September 16th

It took me to the weekend to getting around to doing anything, on account of the week's news rather pushing everything else aside. I'm one of those people who grew up with the constant backdrop of the carnage in Vietnam and there's this horrible feeling that we're on our way back there again.

Oil leak anyone?Anyway, I've noticed a potential serious problem in that there seems to be a very small oil leak coming from under one of the heads. It's just a very small amount of oil collecting on what I think is the datum point for the block face. I checked that the head bolts were tight, which of course they were. I'm not sure what to do about. An engine like this is never going to be oil tight anyway but it might indicate a rather more serious problem. Hmmm...

Anyway, I pressed on regardless, at least for now. I started fiddling around with the bodywork side and realised that I ought to put the washer bottle outlet pipe in while I could still get at it. So, I jammed in a bit of neoprene tubing, I'll have to sort out how it gets under the scuttle rather later on.

Negative gap in bodywork...So, I started again on the bodywork side. However, I was still having the problem I mentioned a long time ago. This time I decided to grasp the nettle and just cut all the way along the top of the panel. Gary at Dax said that this was possibly going to be needed and I had run out of other possibilities.

With this draconian step taken it was clear that the shape of the side panels is just wrong, in that it doesn't fit the chassis. Presumably this is an effect of the long wheelbase chassis.

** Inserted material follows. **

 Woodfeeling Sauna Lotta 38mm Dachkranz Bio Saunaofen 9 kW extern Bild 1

To make this clear, if I sit the front part of the side down on the chassis properly, so that there isn't gap mentioned here then the top rear of side panel is an appreciable distance below the top of the chassis side. You can see this in the photo here, which shows where the top of the side is as compared with the chassis. If I sit the side up on top of the chassis then it's easier to fit now with the top sliced in two. However, there is still the gap under where the scuttle has to go. A fair bit of this can get squashed out, using the flexibility of the GRP but it's too much to completely brutalise it...

New position for hornsAnyway, in the process of putting the sides, scuttle and nose cone on and off I became aware of how cramped it was at the front of the engine. A while ago I had realised about a different place to put the horns, having never really like the current position. It occurred to me that without them where they were it would be easier to reach up from the bottom of the chassis. As far as I can see this is going to be essential to get the suspension together.

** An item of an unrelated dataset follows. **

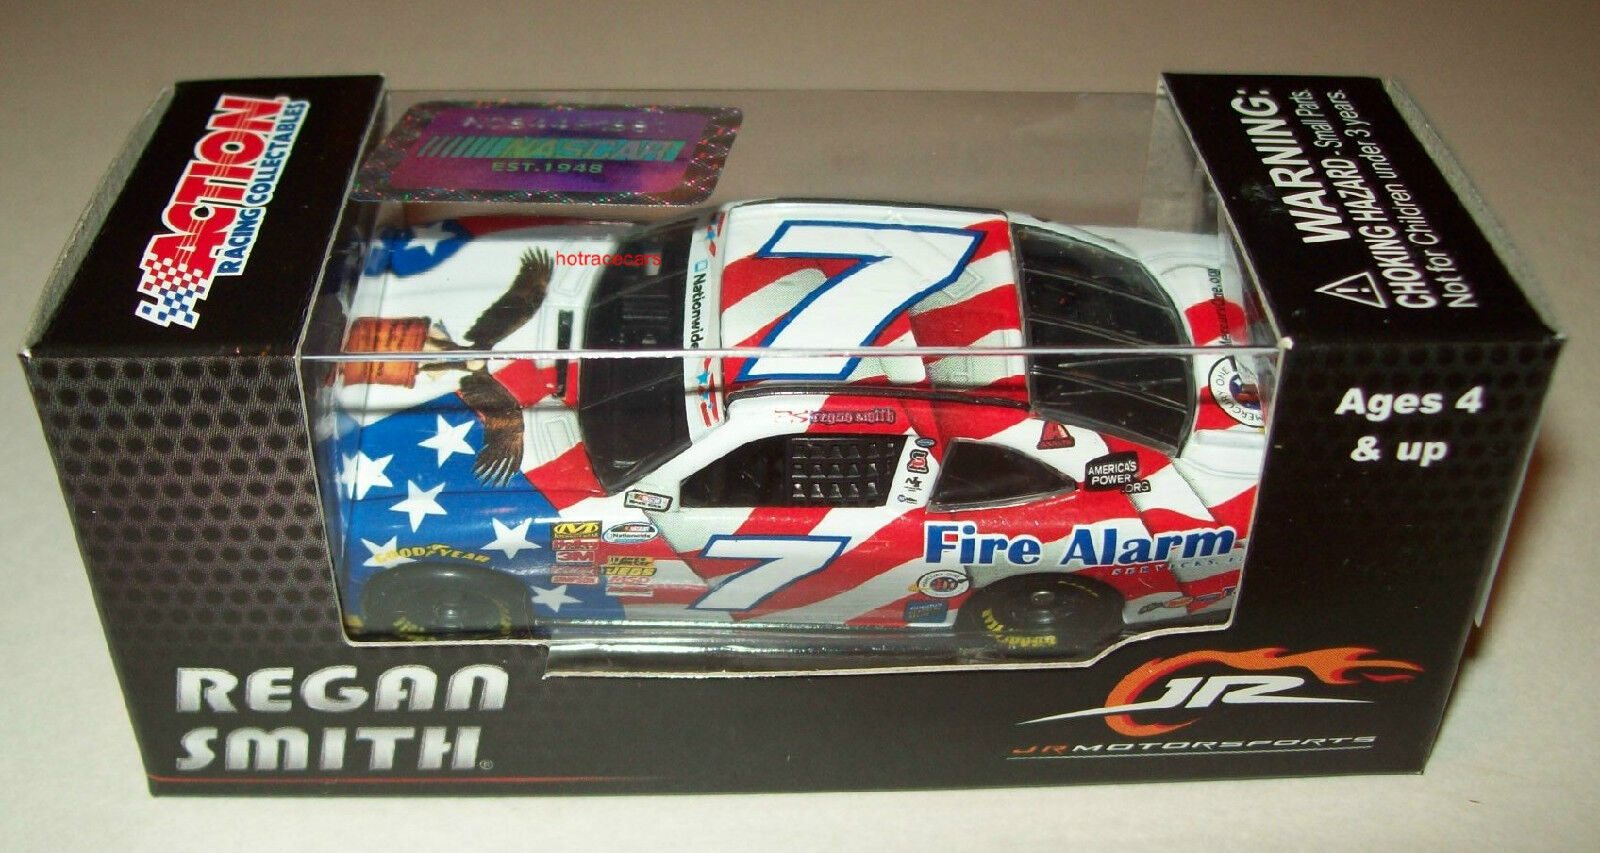 Regan Smith 2014 2014 2014 Fire Alarm Service Memorial Day Flag Nationwide Camaro 1 64 9fa6c1

So, I got stuck and moved the horns to where you can see they are now. They're attached with a couple of little brackets to the mountings for the fan that I made a short while ago.

(Before you ask, yes they do fit under the nose cone, I checked.)

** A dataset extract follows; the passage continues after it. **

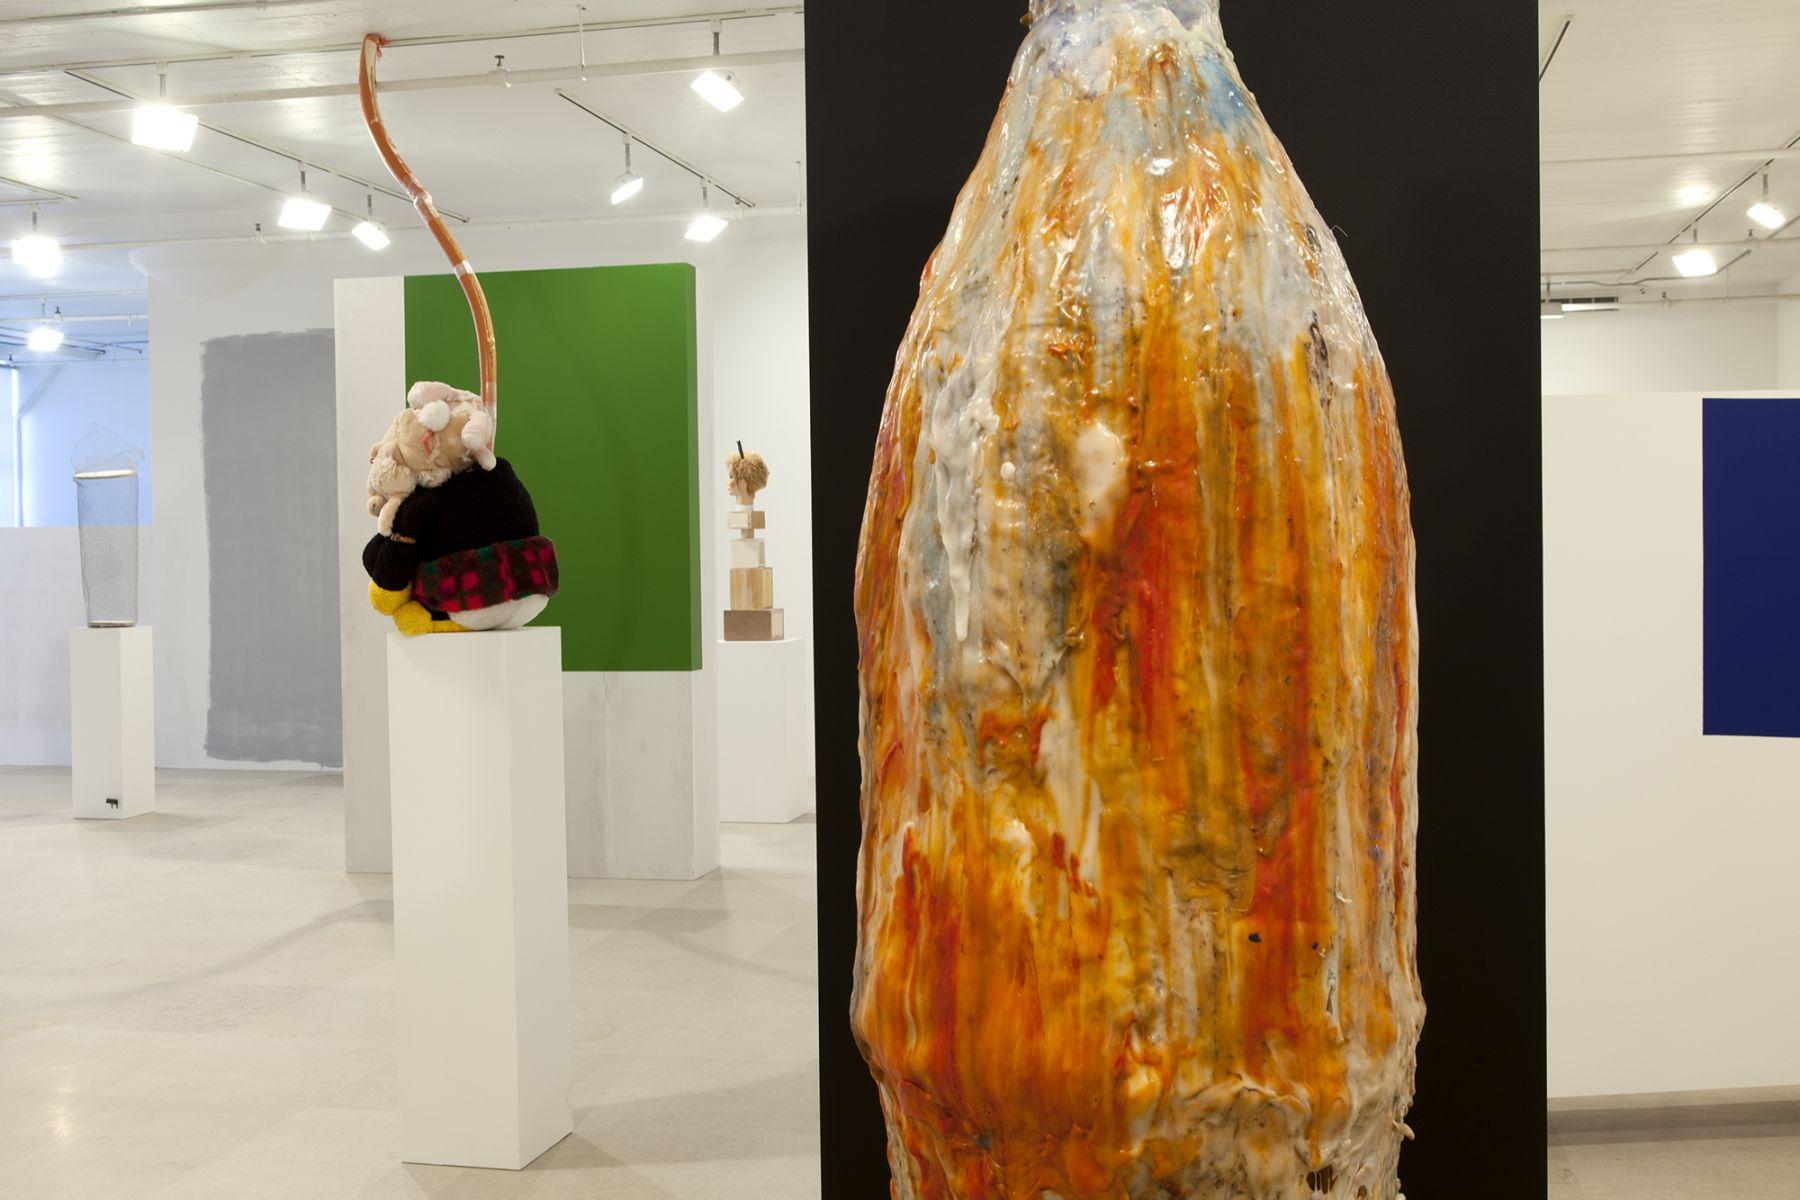 Gelitin, Installation view, The Fall Show, Greene Naftali, New York, 2012

A car!!After that I spent even more time shuffling the bits of bodywork around trying to decide how to go about attaching things. There seem to be about a million variables in everything.

I have become unconvinced about the supposed inaccuracy in the scuttle positioning mentioned before. This is for two reasons. First of all, with the scuttle further forward it becomes rather sider than the bodywork really wants to be.

Peek-a-boo!Secondly, there's probably scope for moving the nose cone a bit further back. What seems to be stopping at the moment is that the sides of the nose cone foul on the top front suspension mounting. It would probably be possible to cut the GRP back a bit here to move the nose cone back a bit. It probably a good idea to do this for another reason in that if you look at the car side on with the bodywork on you can see round the back of the nose cone and see the radiator peeking back at you.

I reckon that this means the nose cone could probably go back about 10mm. This will probably be all that's actually needed.

Of course, with my skill with bodywork this could just be the start of a horrible experience. Perhaps I ought to try cutting some chunks out of the nose cone first?

September 27th

Reconnected horn...I haven't done anything for a while, and today was just 10 minutes. In that time I just plumbed in the horn that I hadn't managed to connect when I moved them a while ago. I had had to buy some more air tubing from MacKays you see...

As you can (nearly see) I kept it neat by tie-wrapping it to the fan shroud.